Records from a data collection
■ ■ ■
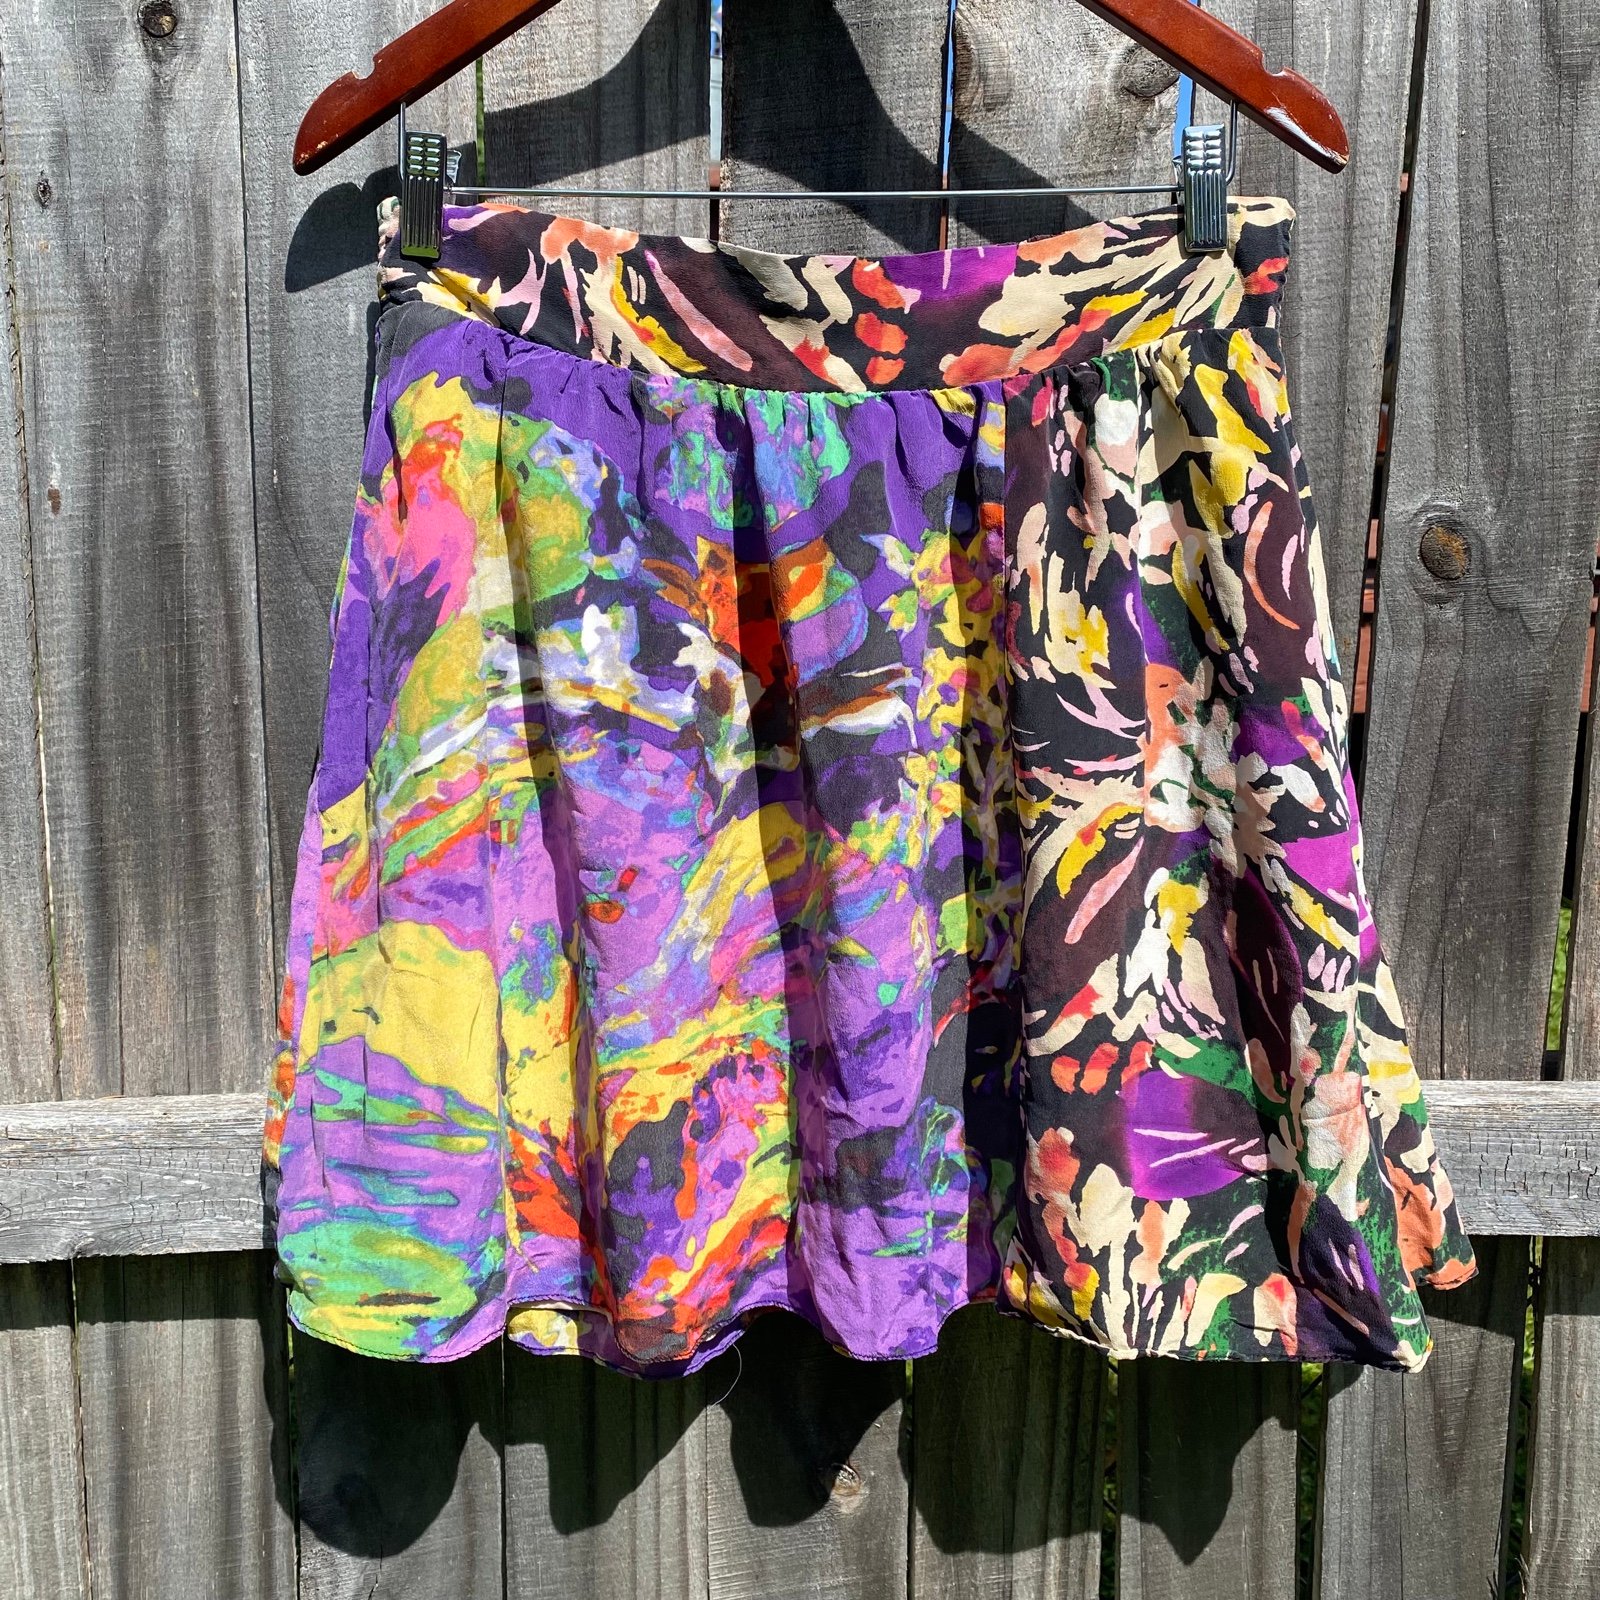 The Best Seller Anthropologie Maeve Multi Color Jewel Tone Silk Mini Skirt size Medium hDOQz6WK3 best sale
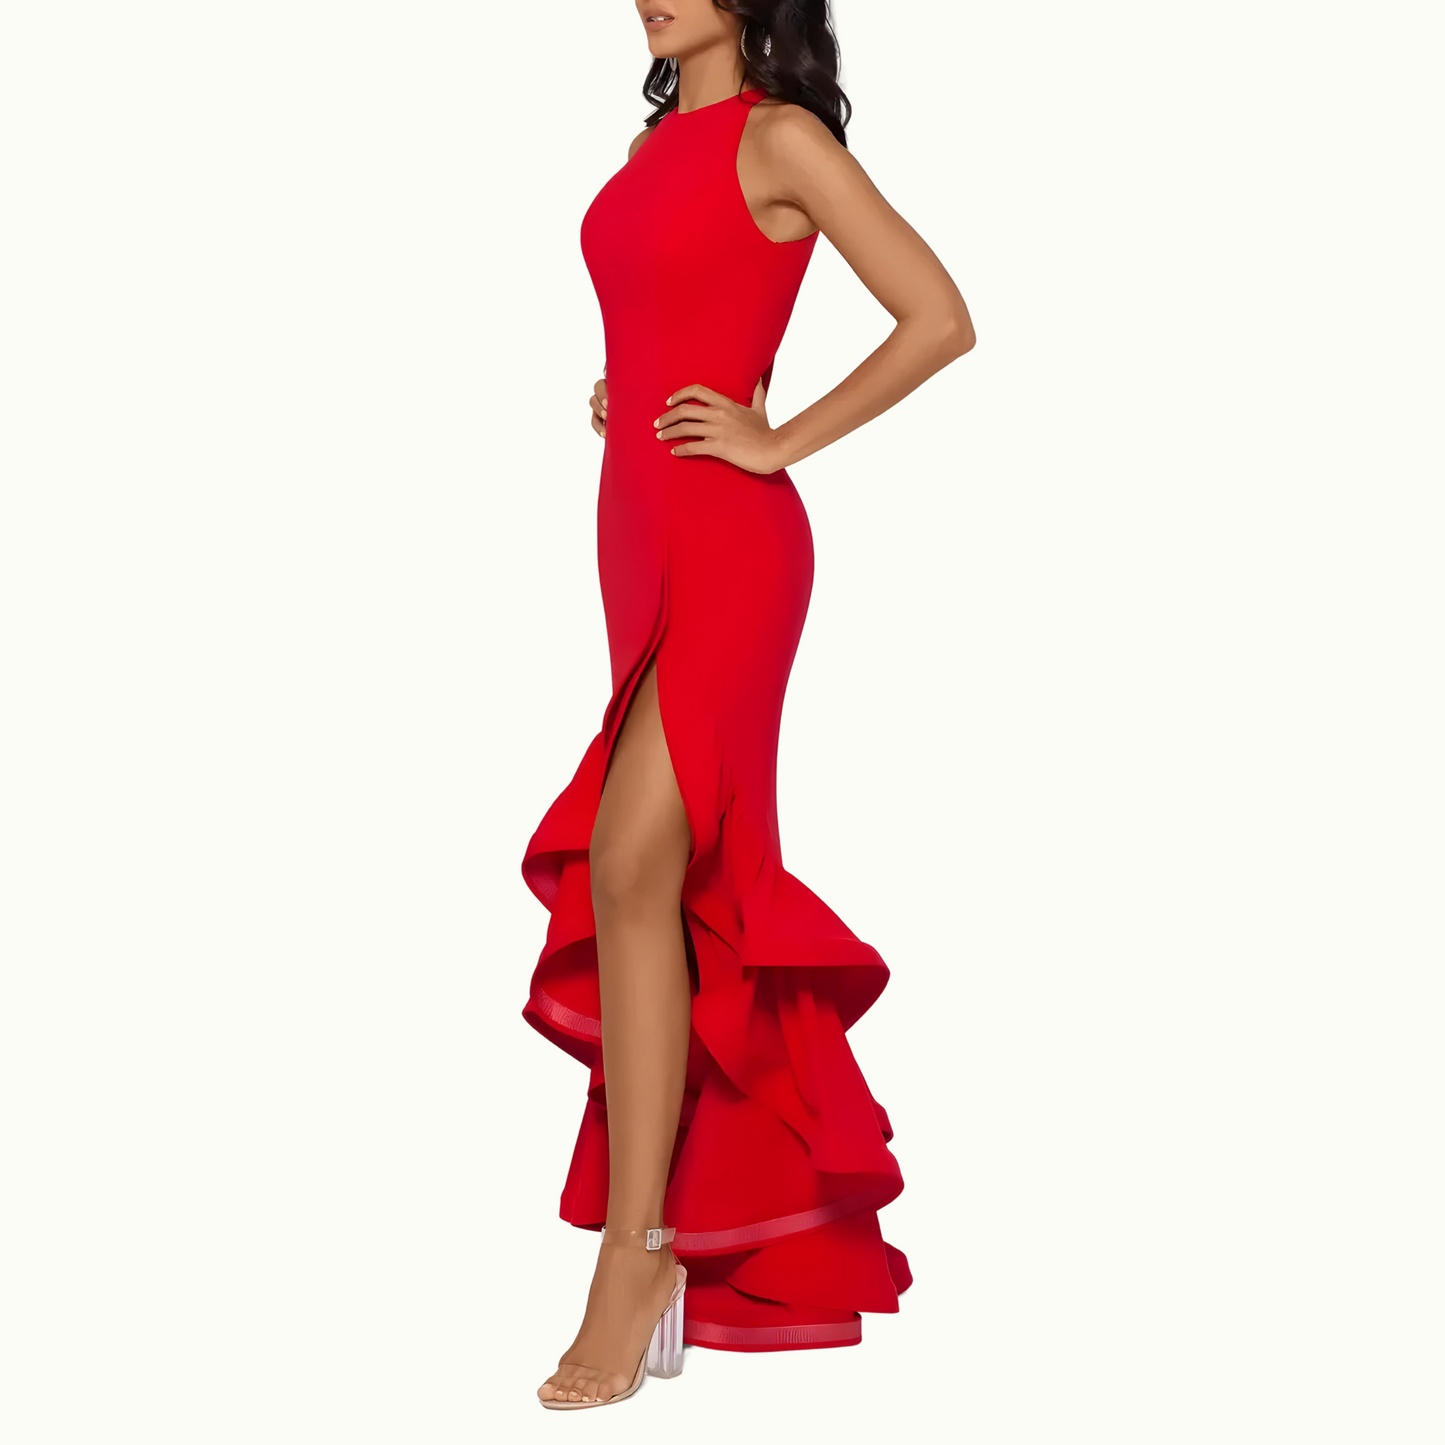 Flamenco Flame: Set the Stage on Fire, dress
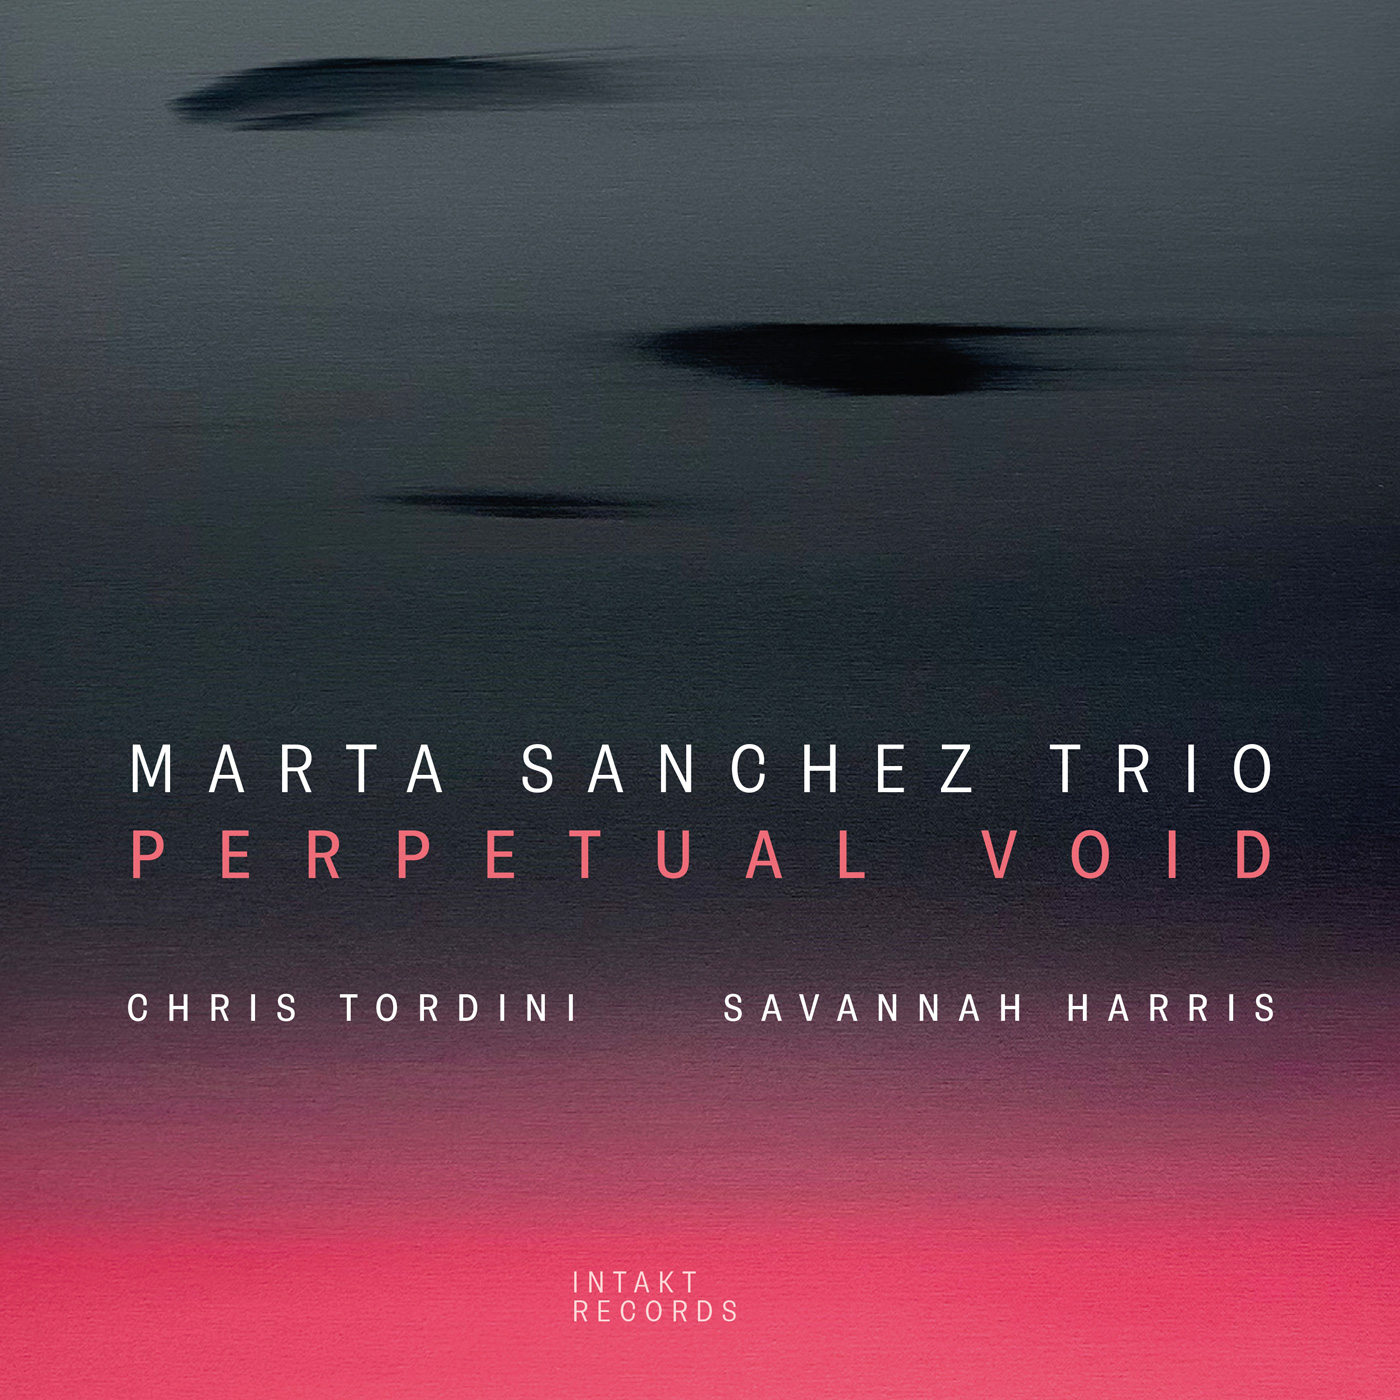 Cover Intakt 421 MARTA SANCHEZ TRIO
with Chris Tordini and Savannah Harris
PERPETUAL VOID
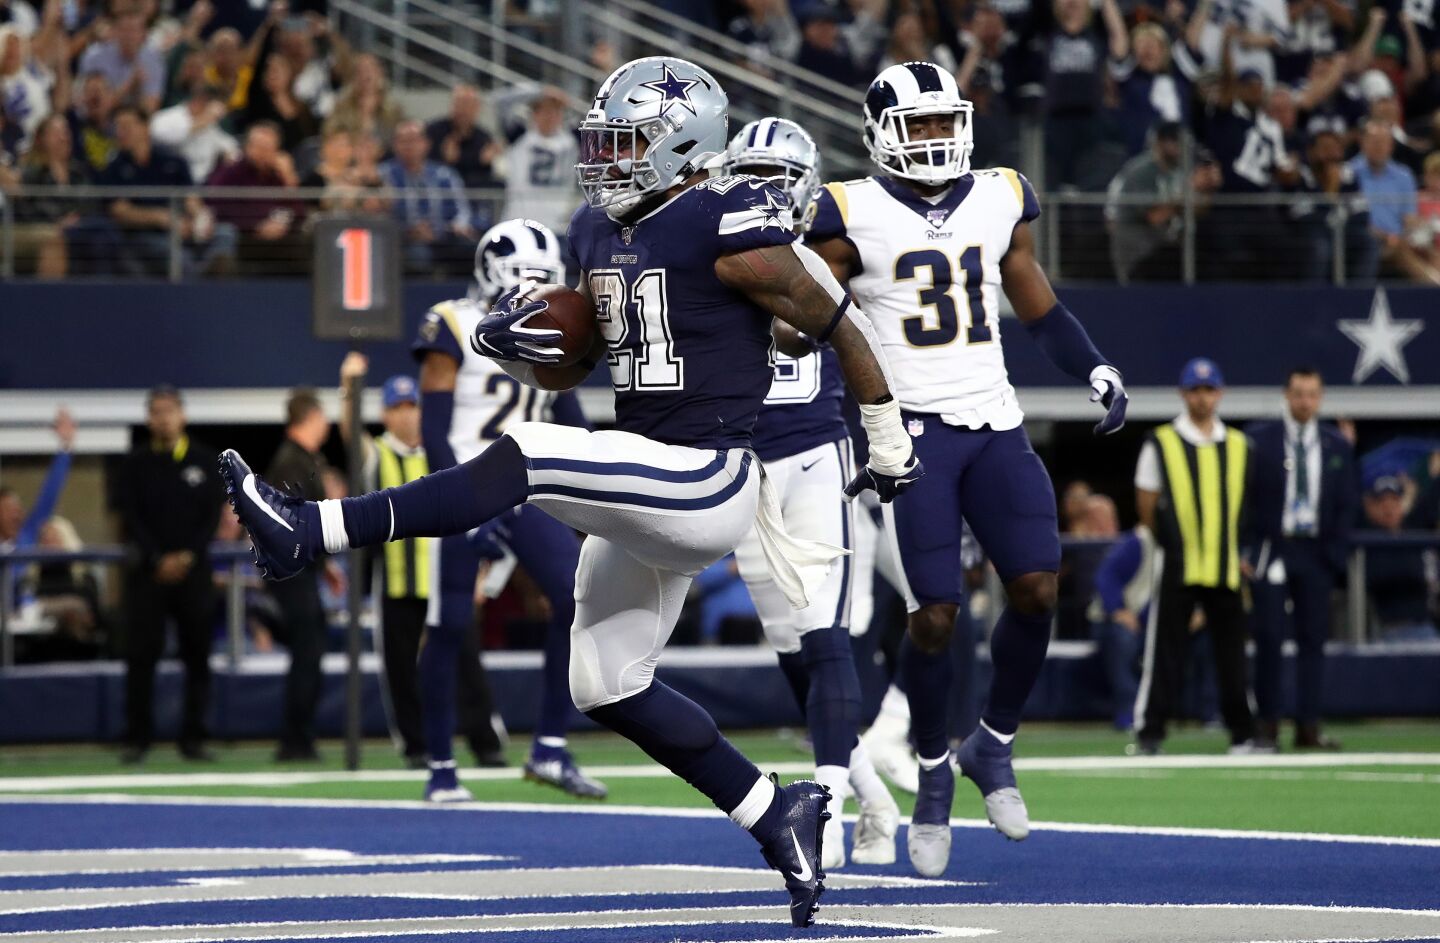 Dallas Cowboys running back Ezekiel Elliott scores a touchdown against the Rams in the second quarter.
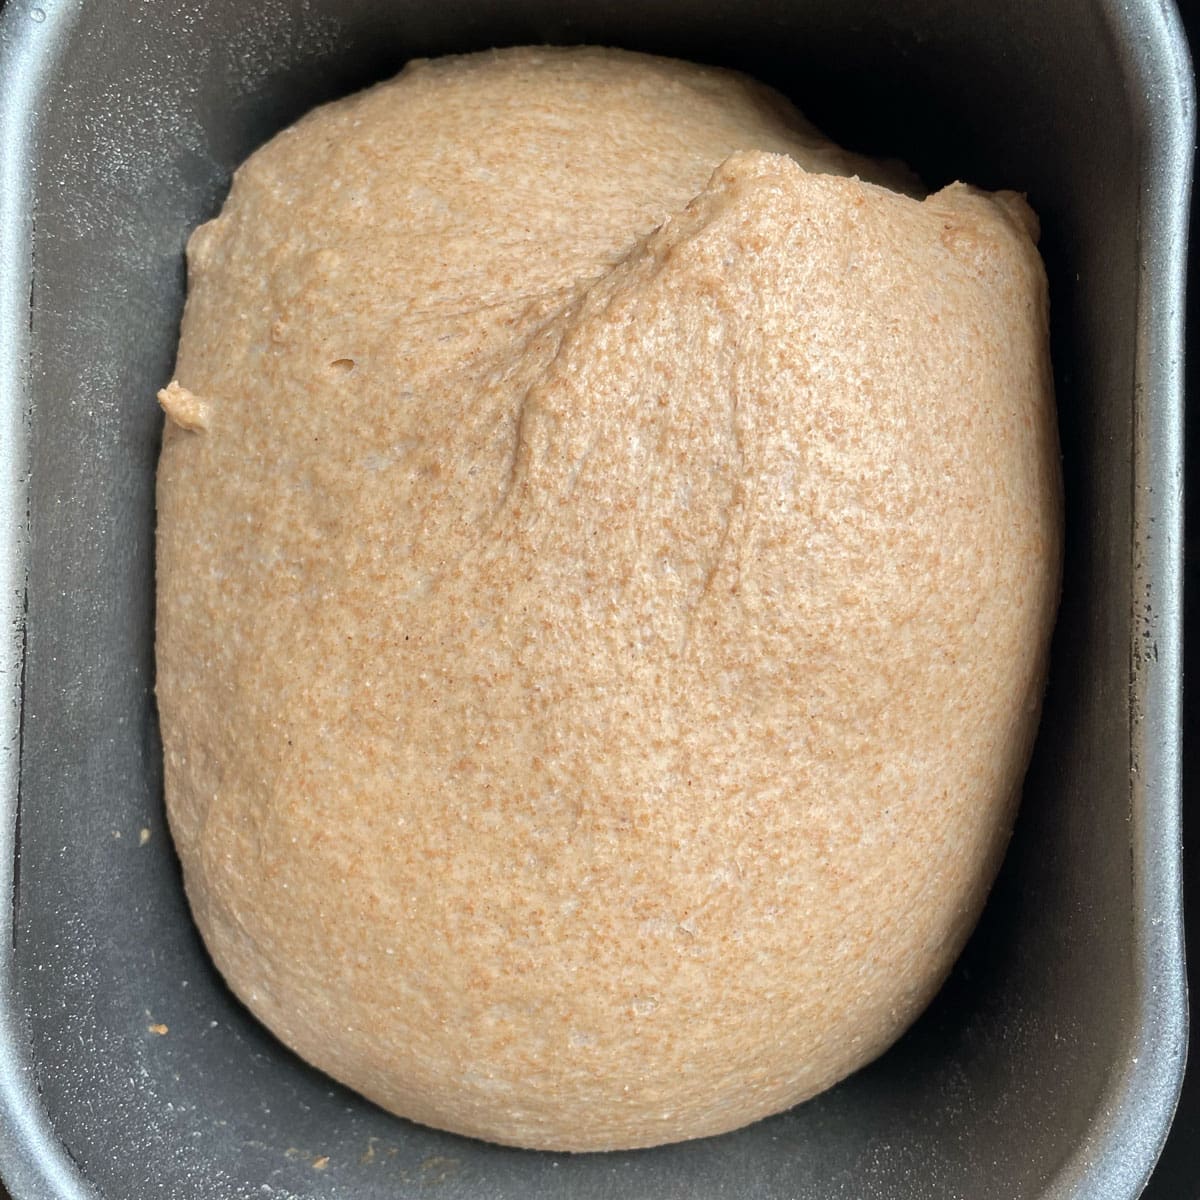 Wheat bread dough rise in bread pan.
■ ■ ■
— WORK TO COMPLETE —
Return every line of the records exactly as given, pictures excluded.

— SOLUTION —
 The Best Seller Anthropologie Maeve Multi Color Jewel Tone Silk Mini Skirt size Medium hDOQz6WK3 best sale
 Flamenco Flame: Set the Stage on Fire, dress
 Cover Intakt 421 MARTA SANCHEZ TRIO
with Chris Tordini and Savannah Harris
PERPETUAL VOID
 Dallas Cowboys running back Ezekiel Elliott scores a touchdown against the Rams in the second quarter.
 Wheat bread dough rise in bread pan.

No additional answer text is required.